The facade of a building is seen damaged after Hurricane Laura passed through Lake Charles, Louisiana, U.S. August 27, 2020. REUTERS/Elijah Nouvelage

 

Police officers approach an overturned 18 wheeler truck in the aftermath of Hurricane Laura along I-10 in Vinton, Louisiana, U.S., August 27, 2020. Both the driver and a passenger suffered minor injuries.

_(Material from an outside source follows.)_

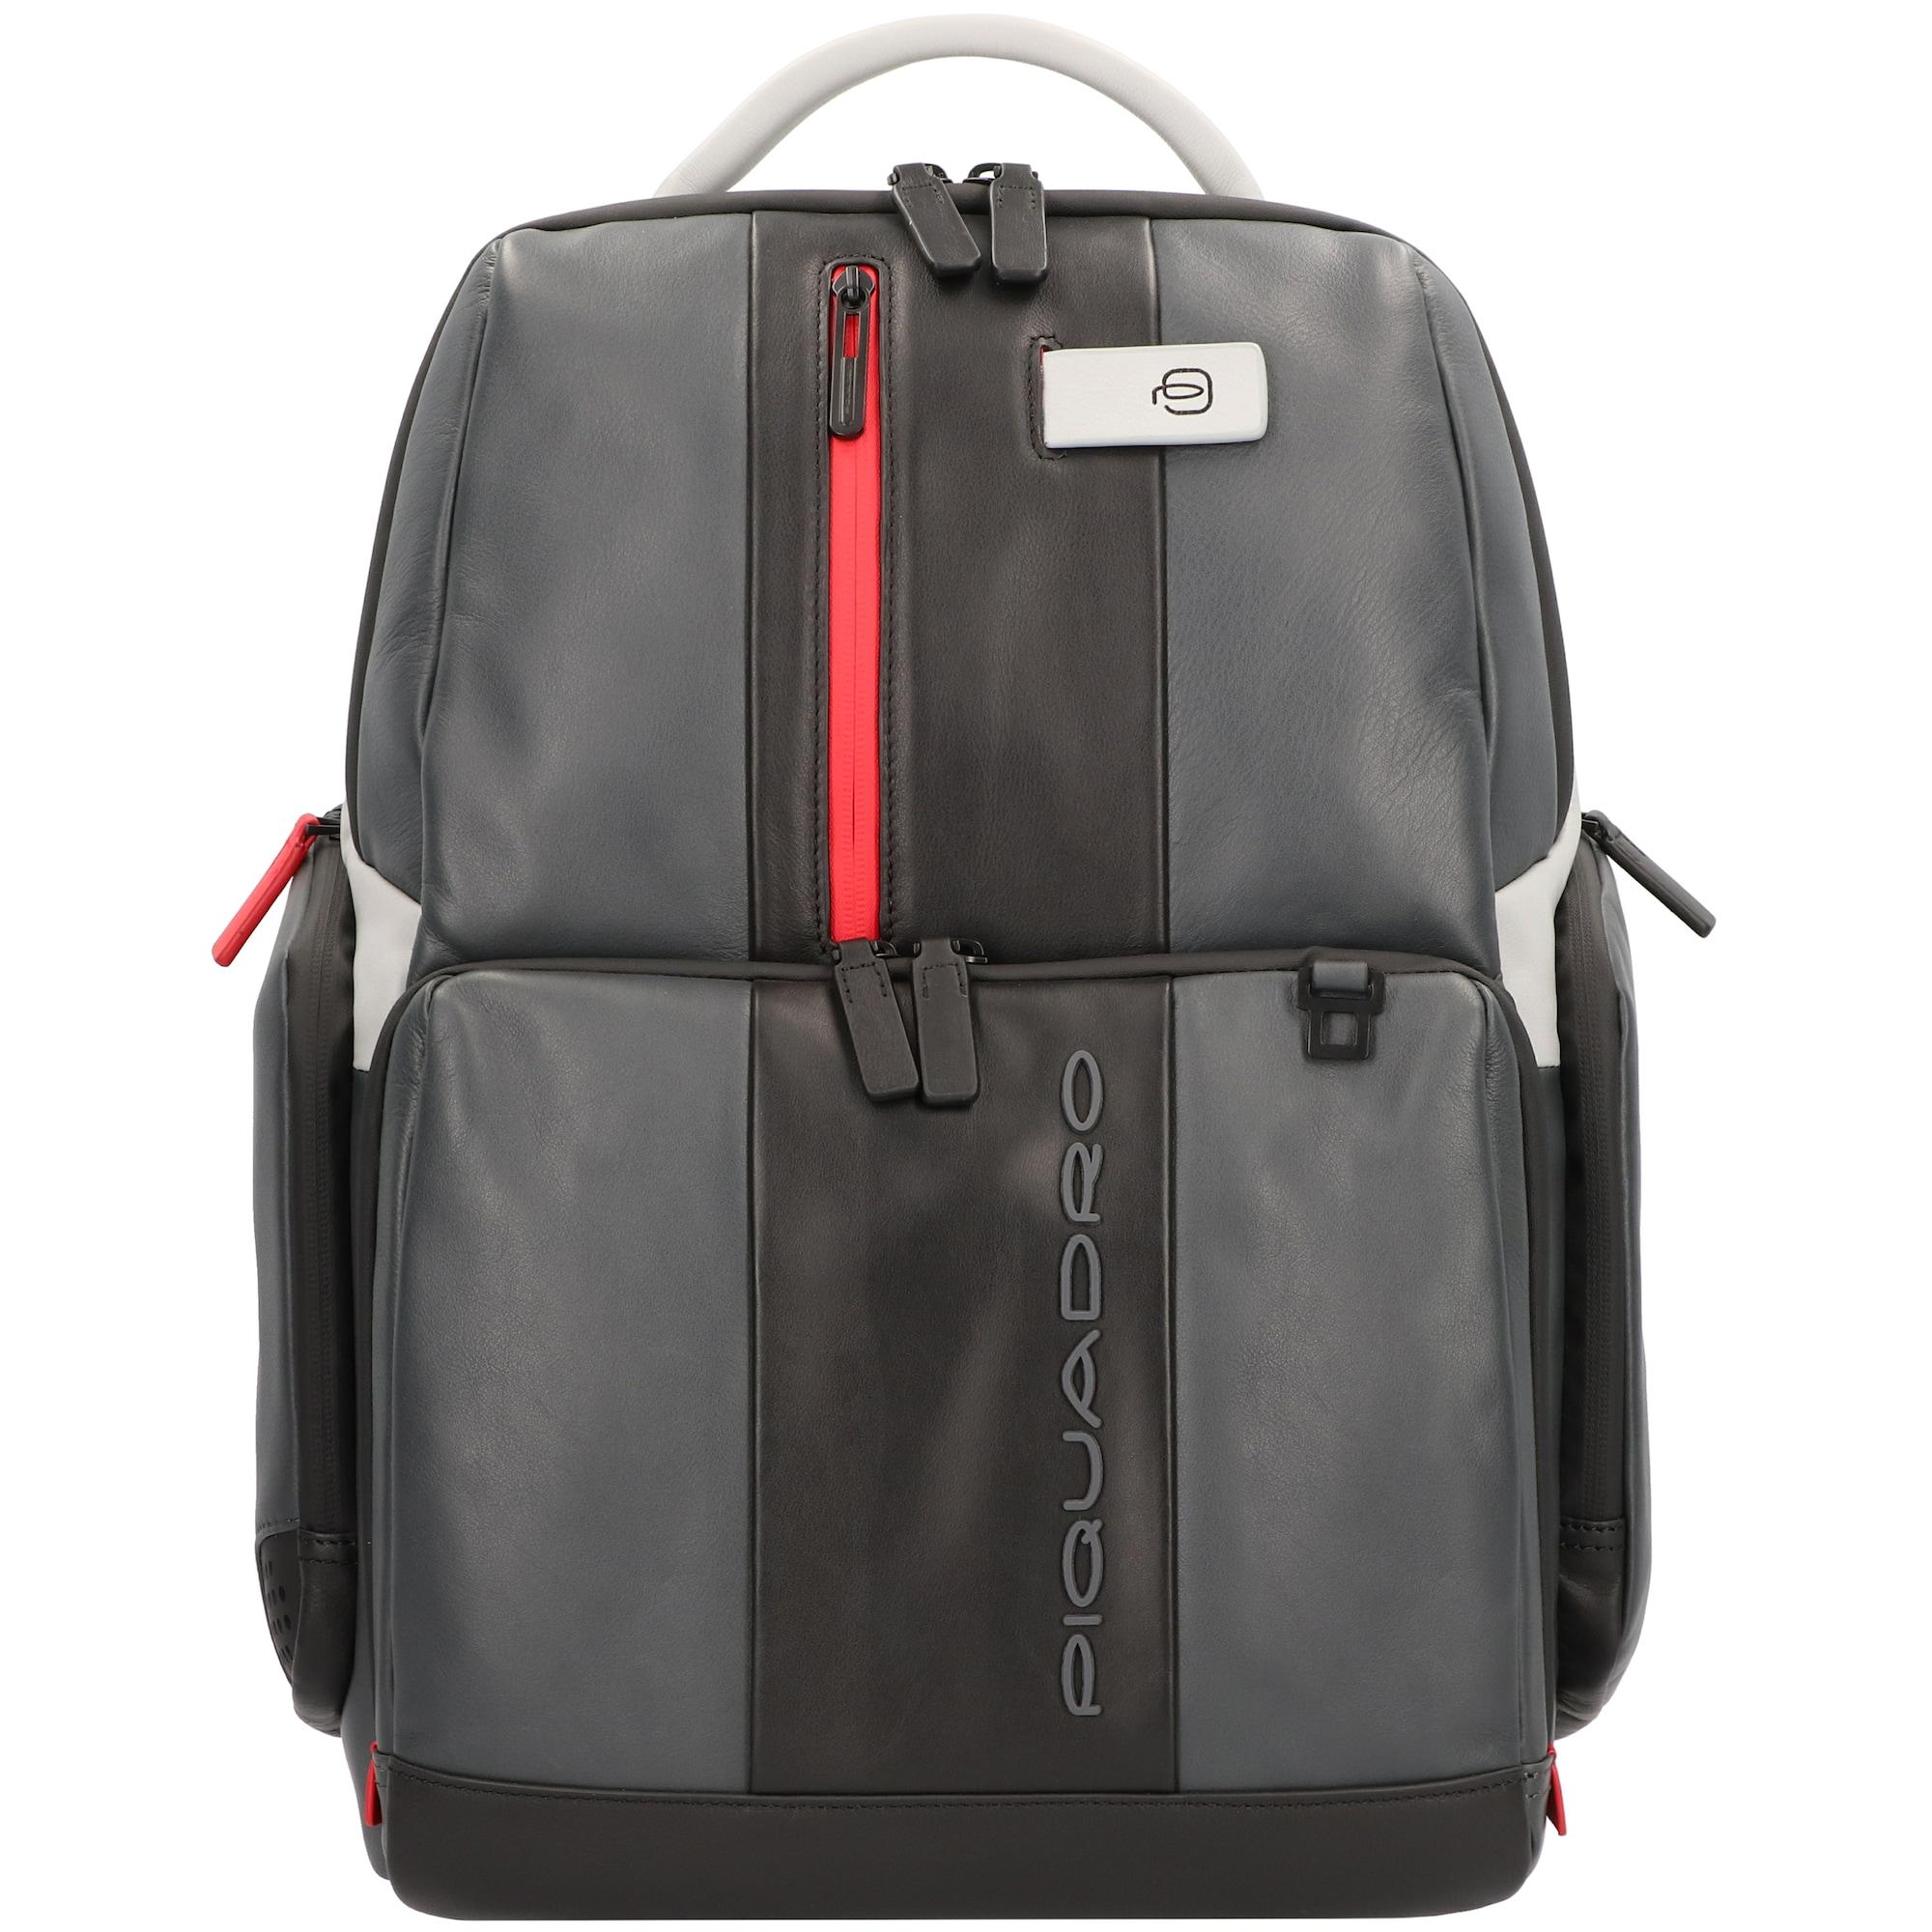 Businessrucksack 'Urban'   Taschen > Rucksäcke > Businessrucksäcke   Piquadro

REUTERS/Adrees Latif

Laura brought 150-mile-an-hour winds and a storm surge out of the warm waters of the Gulf of Mexico, eventually weakening as it moved inland. Roughly 600,000 service locations were without electric power in Louisiana, Gov. John Bel Edwards told The NYT.

“It is clear that we did not sustain and suffer the absolute catastrophic damage that we thought was likely,” Edwards said. “But we have sustained a tremendous amount of damage.” One casualty was a 14-year-old girl who was killed when a tree fell on her family’s home, Edwards noted. Three other people also died amid the storm’s carnage.